Measurement of mouse IL-6 and TNF-α

Mouse colons were homogenized (40 seconds) in PBS and centrifuged (11,000 × g, 10 min at 4℃), and supernatants were collected. Mouse IL-6 and TNF-α were measured by ELISA kits (R&D Systems, Minneapolis, MN, USA) (14).

Immunoblot analysis

Mouse tissues were washed with cold PBS and lysed in buffer (150 mM NaCl, 50 mM Tris-HCl, pH 8.0, 5 mM EDTA, 1% Nonidet P-40), and equal amounts of protein were fractionated by SDS-polyacrylamide gel electrophoresis (SDS-PAGE).
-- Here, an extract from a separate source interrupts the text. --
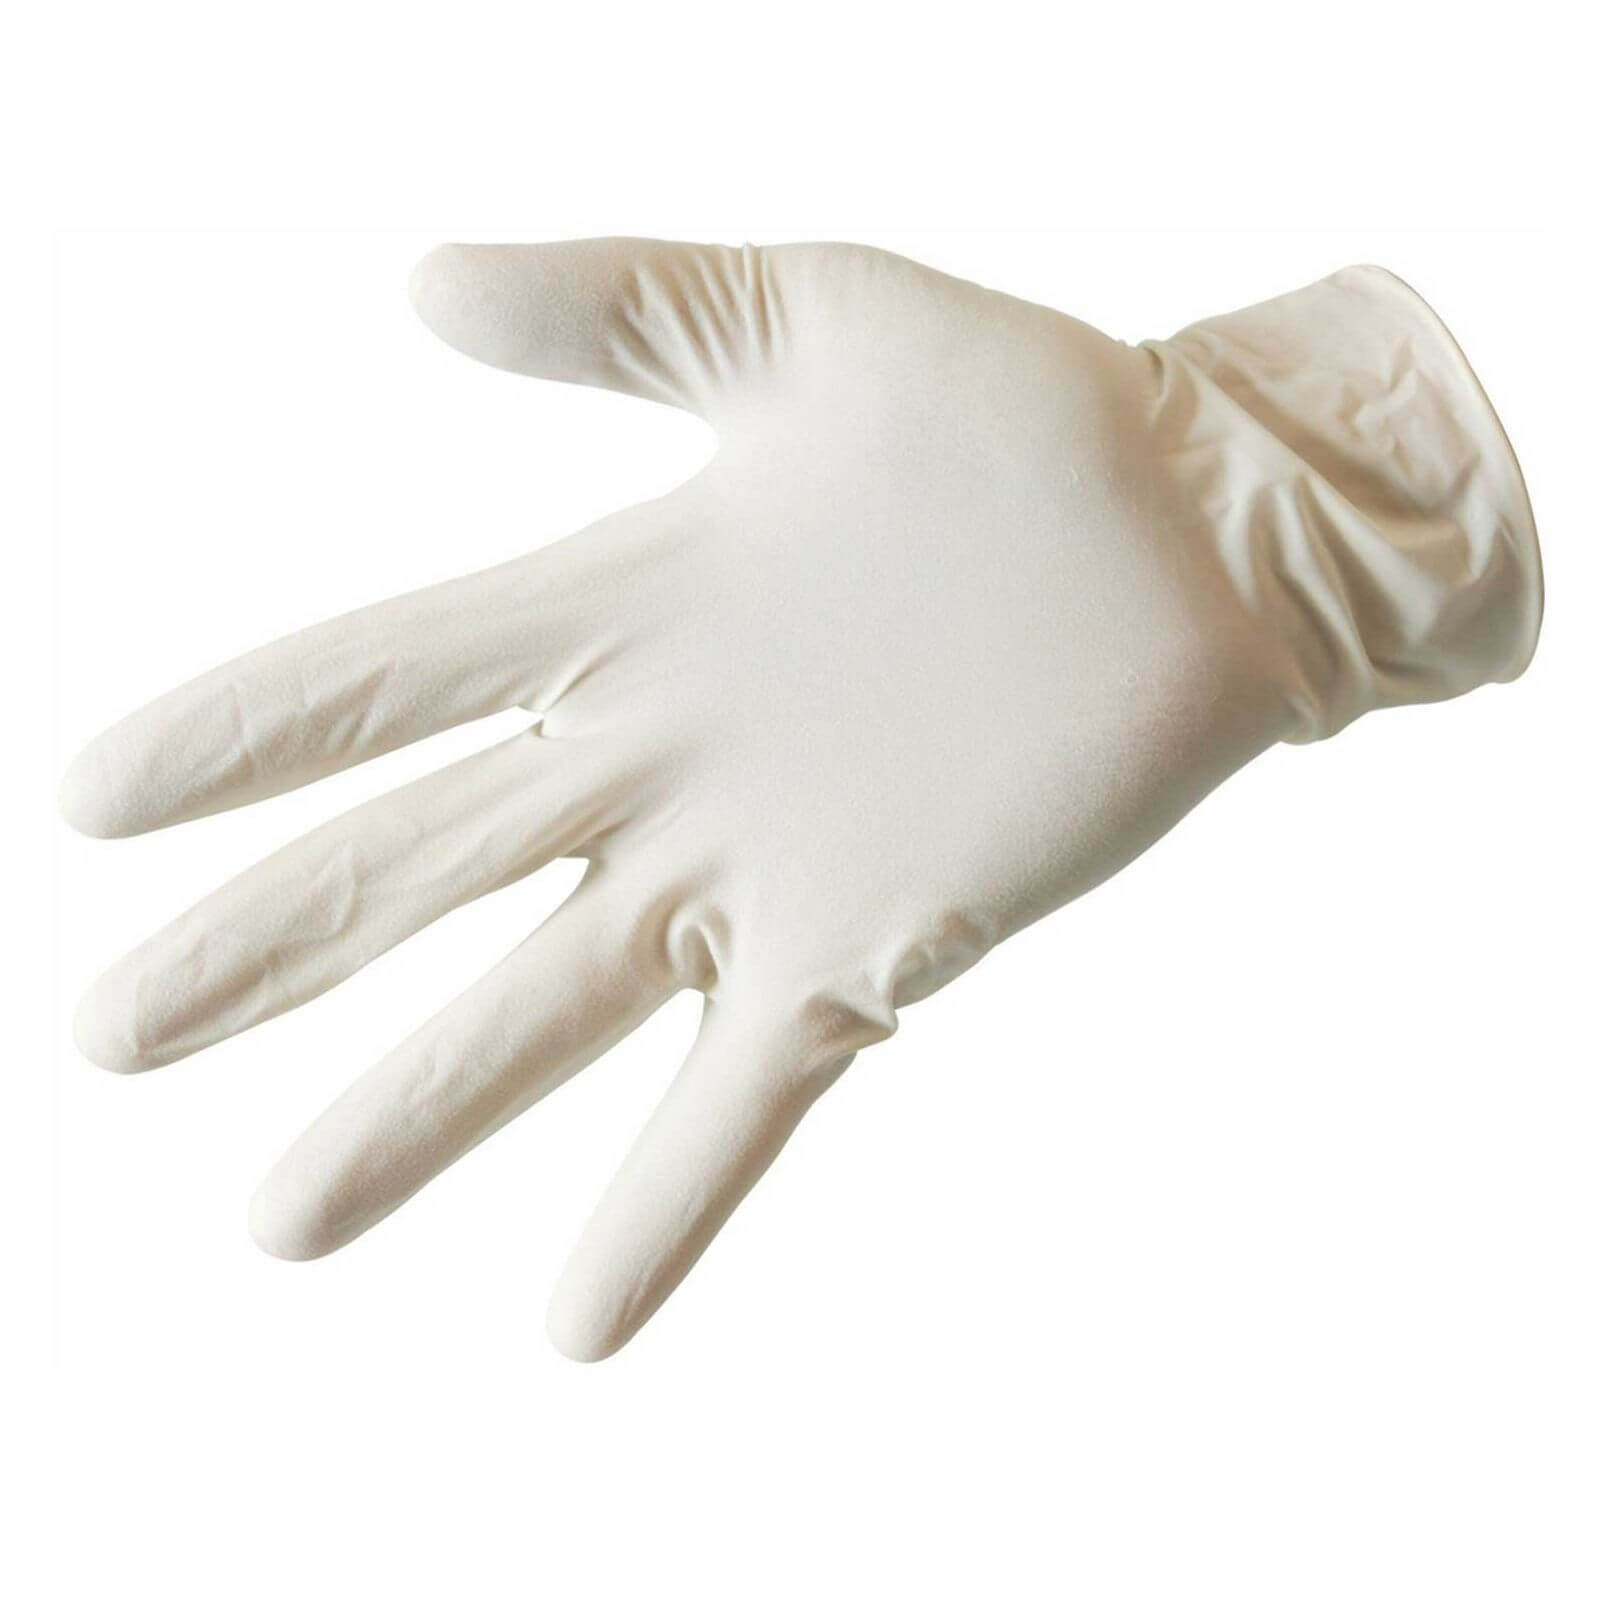 Harris Taskmasters Latex Gloves - 100 Pack

The appropriate antibodies were applied, and antigen-antibody complexes were detected with the LumiGlo reagent (New England Biolabs, MA, USA) (14).

Statistical analysis

The results are presented as mean values ± SEM. Data were analyzed using the SIGMA-STAT professional statistics software program (Jandel Scientific Software, San Rafael, CA, USA). Analyses of variance with protected t tests were used for intergroup comparisons.